GitHunt
JX

Jxck-S/airline-logo-scraper

Airline Logo Scraper

Airline Logo Scraper

A robust Python tool to scrape and organize airline logos and banners from multiple aviation data sources.

Example Output

Features

  • Multi-Source Scraping: Downloads logos and banners from:
    • FlightAware (Logos)
    • FlightRadar24 (Banners - Scraped from Index)
    • RadarBox (Logos & Banners)
    • Avcodes UK (Banners)
  • Enhanced Coverage: Combines airline codes from Wikipedia and FAA (Chapter 3) for maximum coverage (>8,000 airlines).
  • Smart Filtering:
    • Detects and skips blank or placeholder images.
    • Dedupes identical images.
  • Performance:
    • Uses ThreadPoolExecutor for concurrent downloads.
    • Configurable threads and delays.
  • User Friendly:
    • Sticky Progress Footer: Shows live "Session" (New) vs "Total" (Directory) counts.

    • Interactive or Automatic (-A) modes.

Project Structure

  • main.py: The entry point for the scraper.
  • src/: Contains the core logic (airline_logos.py, scrapers, etc.).

Installation

Prerequisites

  • Python 3.9+

This project uses Pipenv for dependency management.

# Install dependencies and create virtual environment
pipenv install

Using pip

Alternatively, you can use standard pip with requirements.txt.

pip install -r requirements.txt

Usage

Scraper (main.py)

Interactive Mode: Run without arguments to selectively enable sources.

python3 main.py

Automatic Mode: Download from all sources without prompting.

python3 main.py -A

Performance Tuning:
Customize threading and delays to speed up large scrapes or avoid rate limits.
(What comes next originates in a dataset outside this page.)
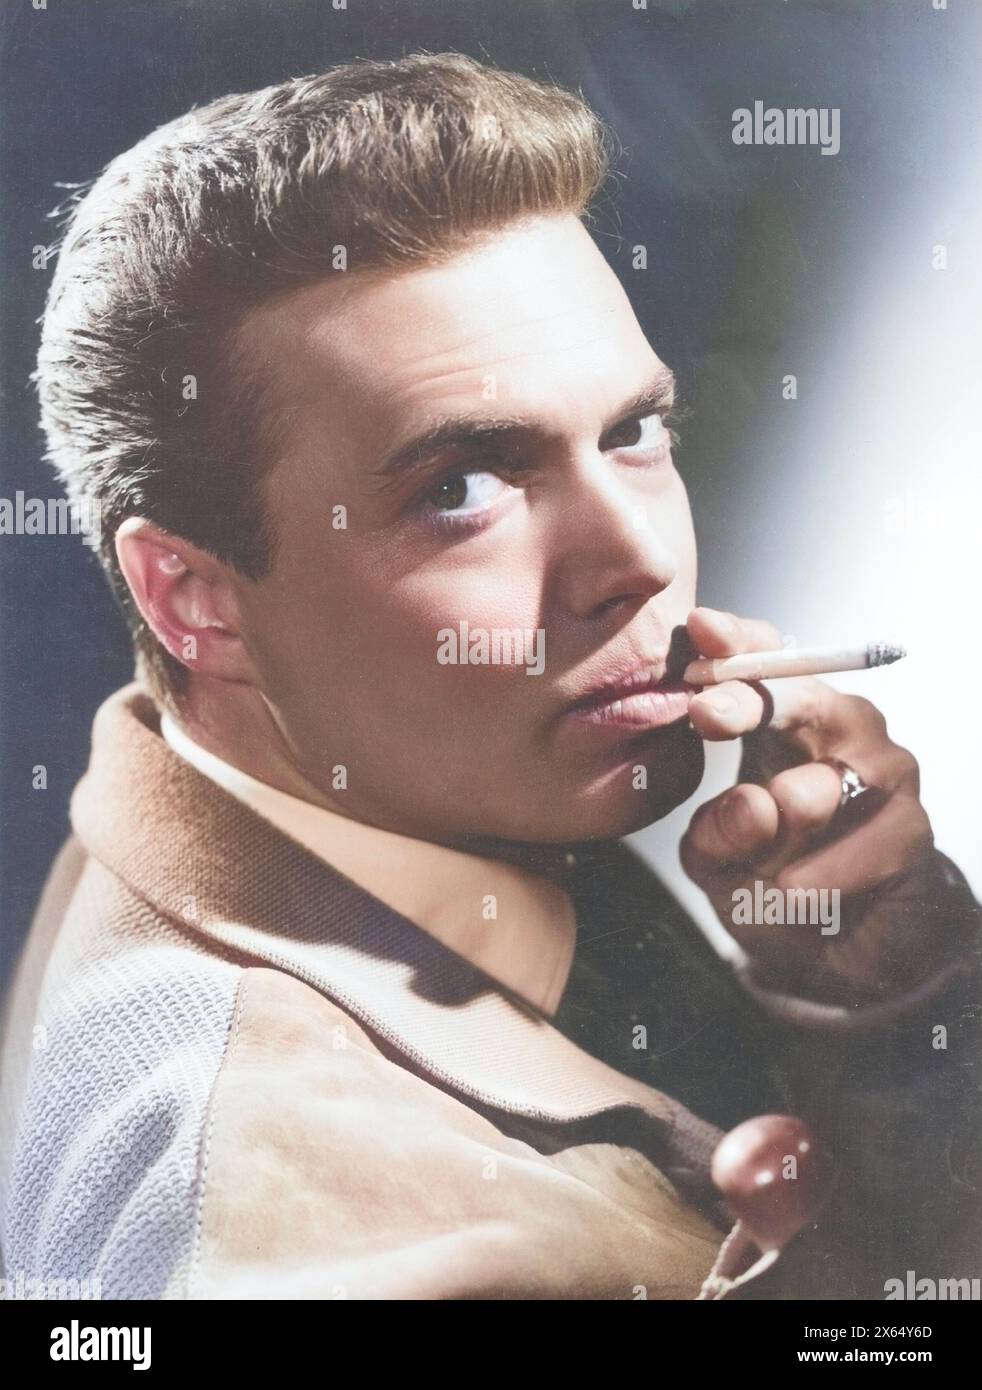 Boehm, KarlHeinz, 16.3.1928 - 29.5.2014, Austrian actor, portrait, smoking, 1950s, ADDITIONAL-RIGHTS-CLEARANCE-INFO-NOT-AVAILABLE Stock Photo
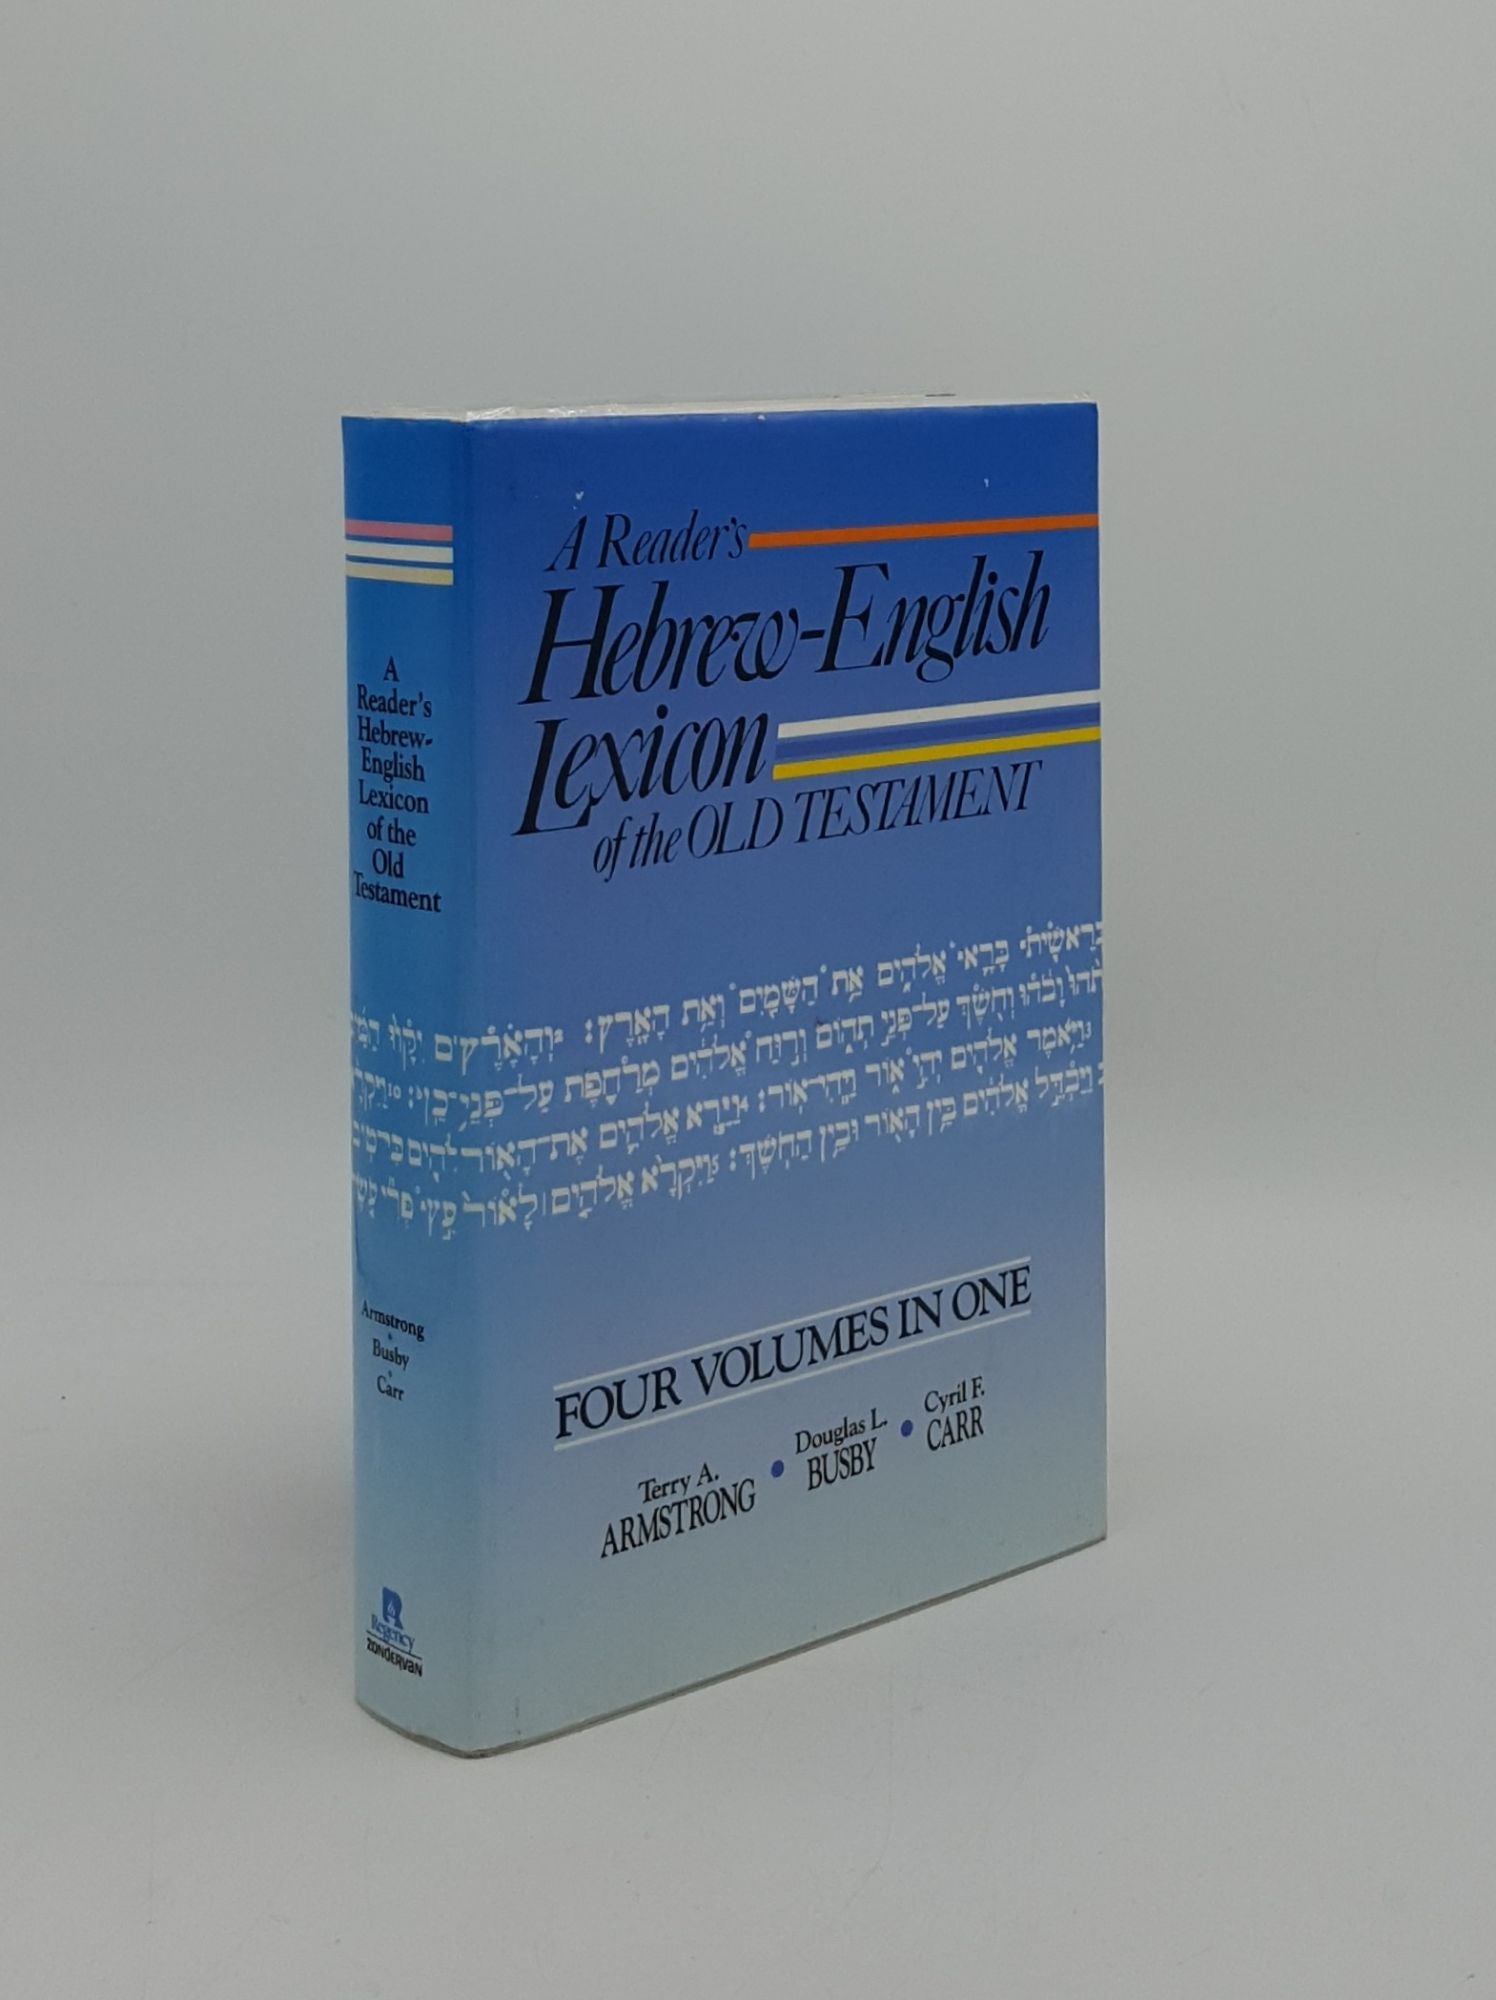 ARMSTRONG Terry A., BUSBY Douglas L., CARR Cyril F. - A Reader's Hebrew-English Lexicon of the Old Testament Four Volumes in One

# 20 threads, 0.1s delay, skip existing files (-s)
python3 main.py -A -s -t 20 -d 0.1

Options:

  • -A, --all: Enable all sources.
  • -s, --skip: Skip files that already exist (checks filename).
  • -t, --threads: Number of concurrent download threads (Default: 10).
  • -d, --delay: Delay between requests per thread (Default: 0.5s).
  • --fr24-method: scrape (Default, recommended) or brute (Legacy guessing).

Progress Display

When running main.py, the sticky footer provides real-time insights:

NEW DURING skip FA:5 | RB Ban:0 ...   <-- Files downloaded in this specific session
TOTAL DIR+NEW FA:1320 | RB Ban:1115 ... <-- Total files in your library
Progress: 568/7674 (7.40%)            <-- Overall progress through the airline list

Disclaimer

This tool is for educational purposes only. Please respect the terms of service and usage rights of the respective websites.

Future Possibilities

Potential new sources for expanded coverage:

  • TripAdvisor: Airlines Page
    • Example: https://static.tacdn.com/img2/flights/airlines/logos/100x100/AeroMexico.png
    • Note: Would require name-to-ICAO mapping via regex/lookup.
  • Google Flights:
    • Example: https://www.gstatic.com/flights/airline_logos/70px/NH.png
    • Note: Uses IATA codes (e.g. NH for ANA). Would require IATA-to-ICAO mapping.